Where is the best place to keep these?


----------



## seedspreader

If it were me, I would continue to store them in my basement (as long as it's dry) My basement is not dry and I store them in the garage. It really does take a lot to blow up those little canisters.


----------



## unregistered29228

I've stored those little cannisters in the garage and basement for years, but after someone on this board told the story of a fire and how the cannisters blew up and the fire department couldn't get near the house to put it out, I moved them.

I have them in the barn now, a good 200 yards from the house, and stored in an area that usually doesn't get over 100F. If they get too hot and blow up out there, at least they weren't in my house. And if my house catches on fire, God forbid, the cannisters won't be adding to the destruction.


----------



## seedspreader

I figure that they are UL tested and they store them inside Wal*Mart and all the stores, so they are fairly safe. I have more ammo that I would be worried about in a fire than I do propane tanks.


----------



## Kari

Before storing propane in your home, check your home insurance policy. Our policy specifically states that propane (along with other chemicals) are forbidden to be stored in the house.

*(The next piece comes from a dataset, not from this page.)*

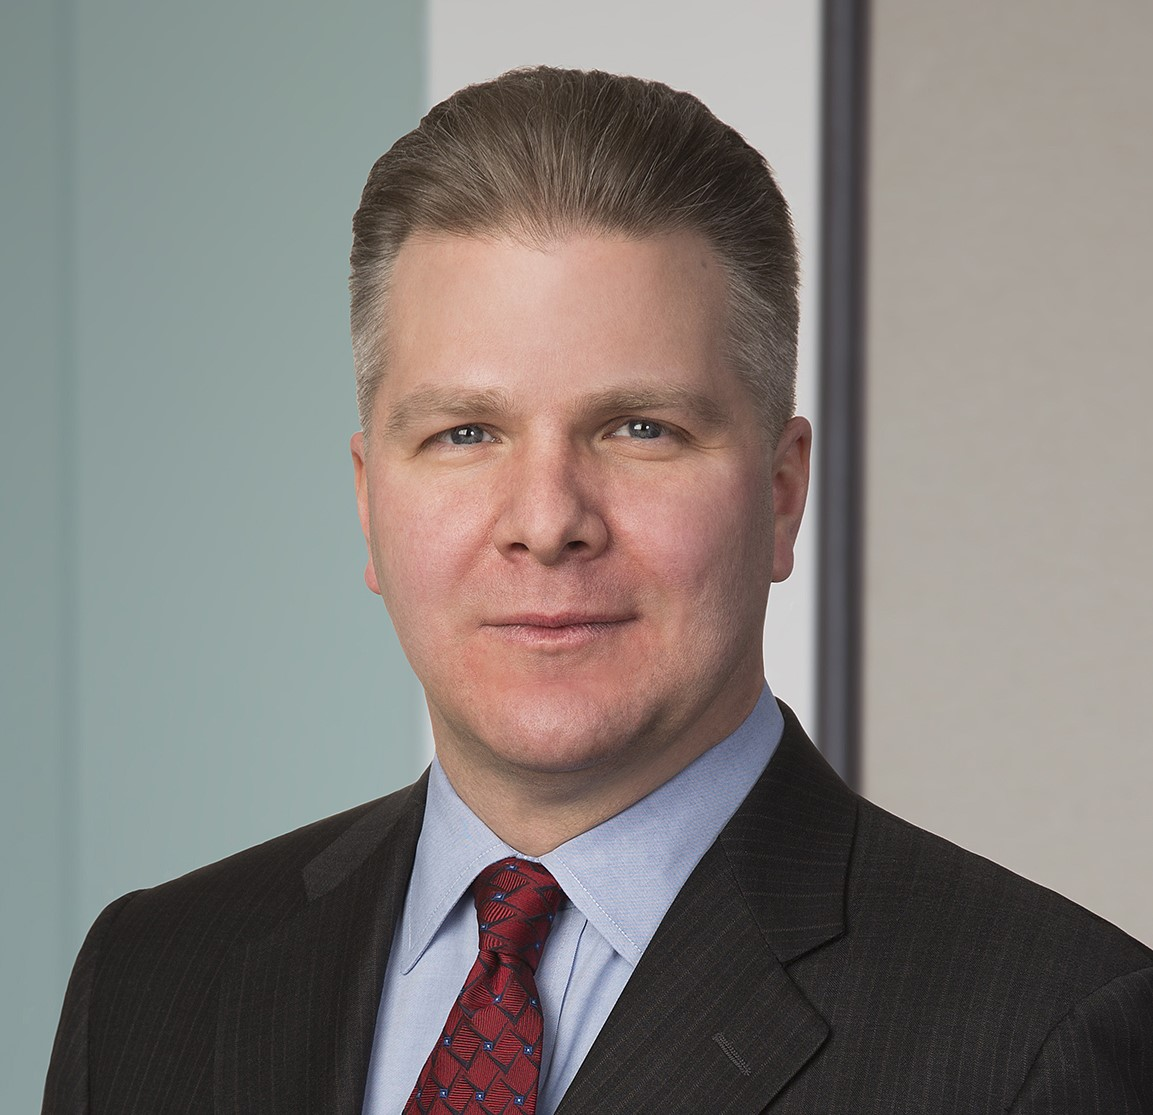 Jeffrey Liesemer - Caplin & Drysdale, Chartered

As for the worry about storing it in a barn...don't worry. I have yet to experience or hear of a barn in normal circumstances getting anywhere near hot enough to put propane in an unstable state...


----------



## Reptyle

Just don't use a match to go looking around when you smell a strange odor in the basement. Might go BOOM.


.


----------



## hooyeah123

You can buy an adapter from sears that allows you to hook it up to a regular larger barbq propane tank. then you can just keep the tank outside. just a suggestion...


----------



## Guest

I would NEVER store propane in my basement. One leak and you're literally lying atop a bomb.

The garage is a little better if it's well ventilated. I store all of my propane in my workshop. The little one pounders inside, the twenty pounders in a rack in an open shop bay. My shop is not at all air tight so leak risk from the little canisters is fairly minimal.

Heat won't affect the canisters unless you've got them in the direct sunlight or in the attic or something.

.....Alan.


----------



## WayneR

Check them periodically for surface rust in the threaded portion of the bottle.
In a high humidity area you can seal the plastic cap to the bottle with a piece of aluminum tape (the type used on ductwork). NO OIL WHATSOEVER to prevent rust, as it could cause an explosion!!

You should weigh the bottles, mark the weight on them. Re weigh them annually as many of them will leak out, albiet slowly. Obviously, those that are leaking should be used first.


----------



## Spinner

I no longer store those little bottles. I had 6 of them and after about 6 months, 4 of them had leaked off empty. They were stored inside the house. I kept smelling propane and was constantly checking my lines for leaks. I'm glad I finally found the leak! Now I fill 10 gallon tanks, the kind used on camper trailers, and have an adapter to use with the small camping appliances. The adapter is available at WallyWorld for around $10. 

I hope you have better luck with them than I did. A friend had the same problem.


----------